Table 4.2: Other sources in coverage

  Wk 4 only
1 Donald Trump 8.3
2 Academics 6.7
3 Charity/Voluntary Sector 5.4
4 Institute for Fiscal Studies 5.4
5 Businesspeople 4.8

Last week’s report looked at the prominence of experts, a notable feature of the coverage at a time when the rival parties were releasing their manifestos and plans for government. This week has been interesting for the intervention of President Trump. Despite Michael Gove’s observation about the surfeit of expert opinion in the 2016 referendum campaign, academics have enjoyed a considerable amount of media attention as have charity representatives and businesspeople. Economic coverage continues to rely on input from the IFS and its Director Paul Johnson.

Section 5: Prominence of parties

Figure 5.1 compares the levels of coverage of the political parties on TV news during the weekday coverage between 28 November and 4 December inclusive2. Figure 5.2 provides the same comparison for press coverage.

Figure 5.1: Prominence of political parties in TV election coverage in week 4 only (28 November - 4 December)

Figure 5.1: Prominence of political parties in TV election coverage in week 4 only (28 November - 4 December)

Figure 5.2: Prominence of political parties in newspaper election coverage in week 4 only (28 November - 4 December)

Figure 5.2: Prominence of political parties in newspaper election coverage in week 4 only (28 November - 4 December)

2 To be coded as ‘present’ a political representative needed to have an active role within the item.
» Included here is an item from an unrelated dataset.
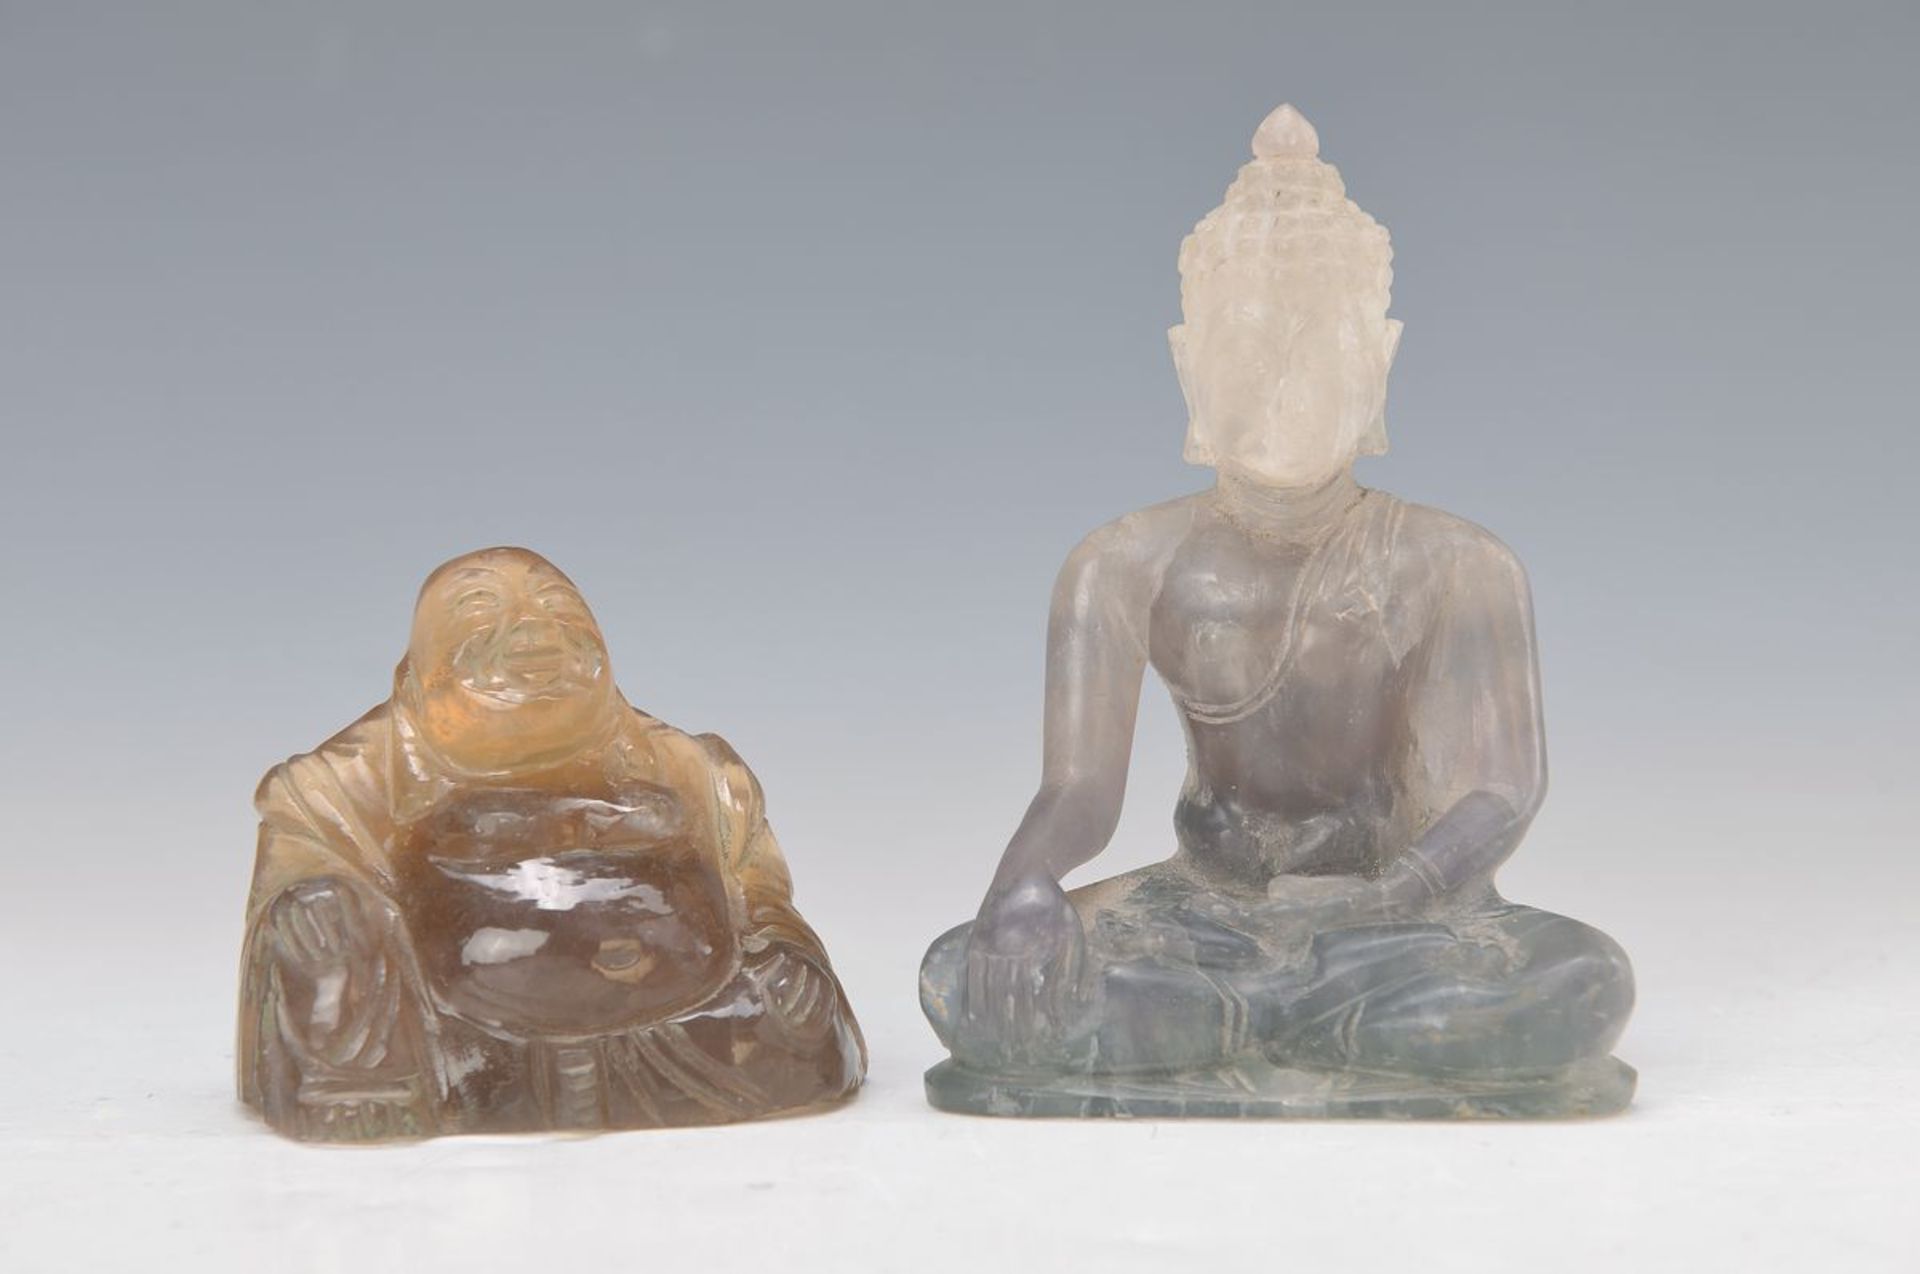 two Buddha sculptures, China, rock crystal andquartz crystal, H. approx. 7/11.5 cm
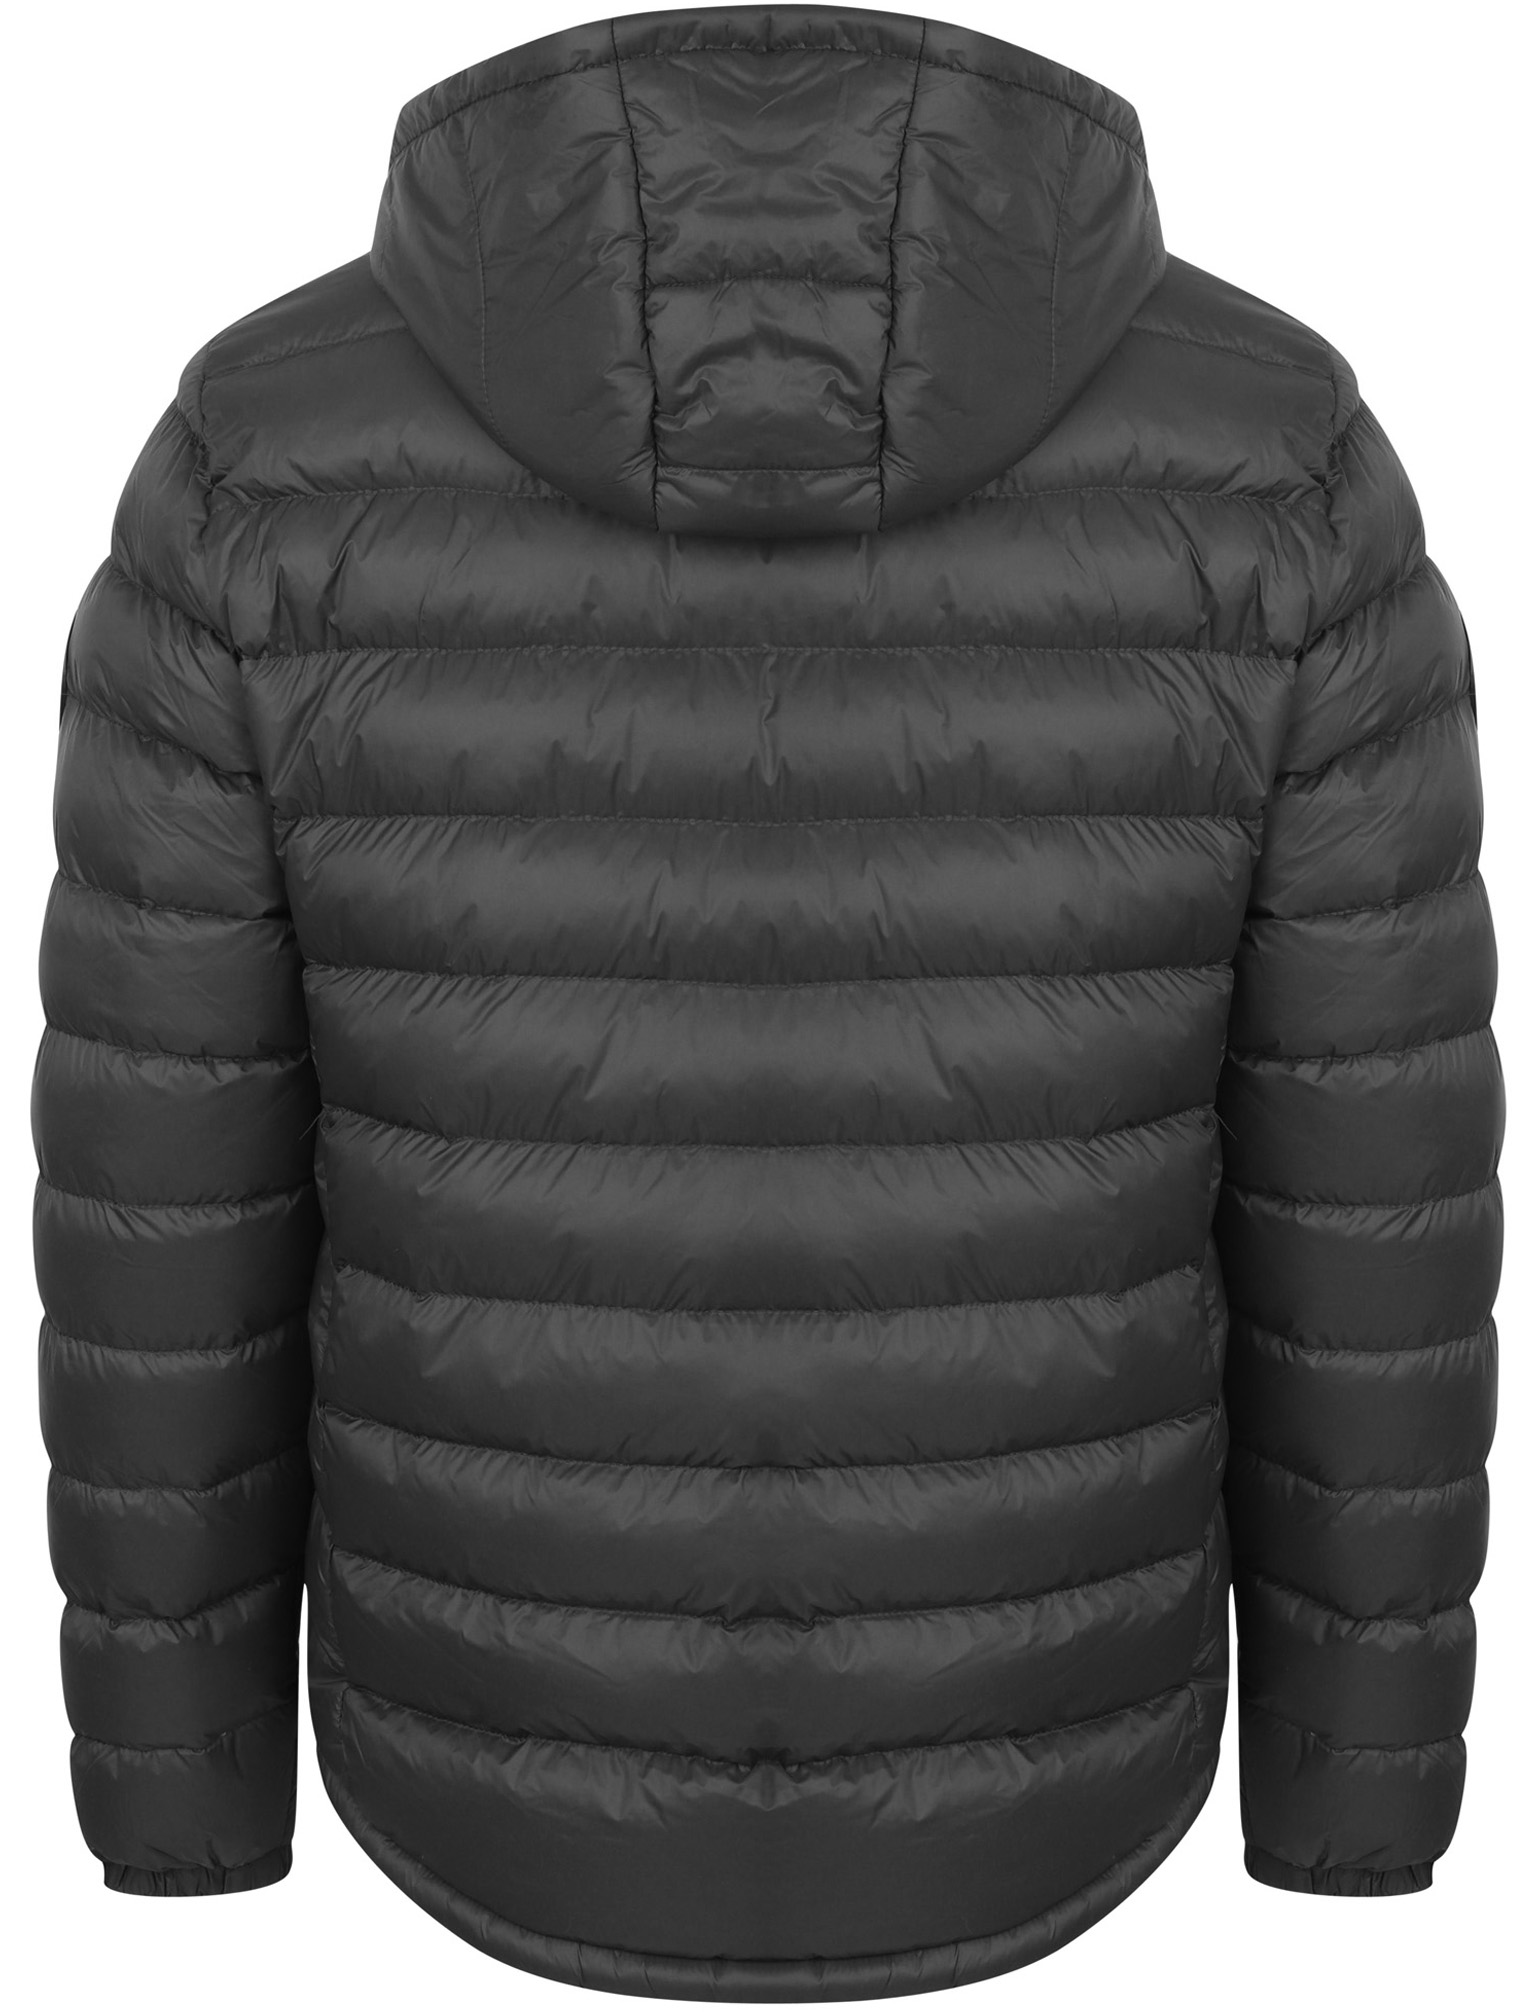 Tokyo Laundry Men's Langham Hooded Quilted Puffer Jacket Size S M L XL ...

They could be counted even if they were not quoted, but there had to be a clear and substantial attribution to them of a speech act or action. Up to 5 politicians could be coded per item.

Key findings

  • The two-party squeeze continues into the fourth week in national press coverage, with representatives of the two parties commanding 90 percent of appearances.
  • The squeeze is not as tight in television news, with the two parties accounting for 66 percent of coverage.
  • There is a remarkable parity in the overall amounts of coverage given to the two main parties and their leaders. In both the press and television coverage, their prominence is almost identical.
  • Jo Swinson has dominated the Liberal Democrat’s share of TV coverage, reflecting her appearance in the broadcast debate formats.
  • Nicola Sturgeon has continued to maintain her profile in broadcast media terms and is by far and away the face of her party when the SNP is represented on television.
  • The Brexit and Green parties have enjoyed some broadcast coverage, benefitting from the exposure that has come courtesy of their participation in the key television debates.
  • Other parties including potential power brokers in a hung parliament such as the SNP, DUP and Brexit Party, have received scant print media coverage heading into the closing stages of the election.
  • Prominent in the press at the start of the campaign, the Brexit Party is virtually anonymous now.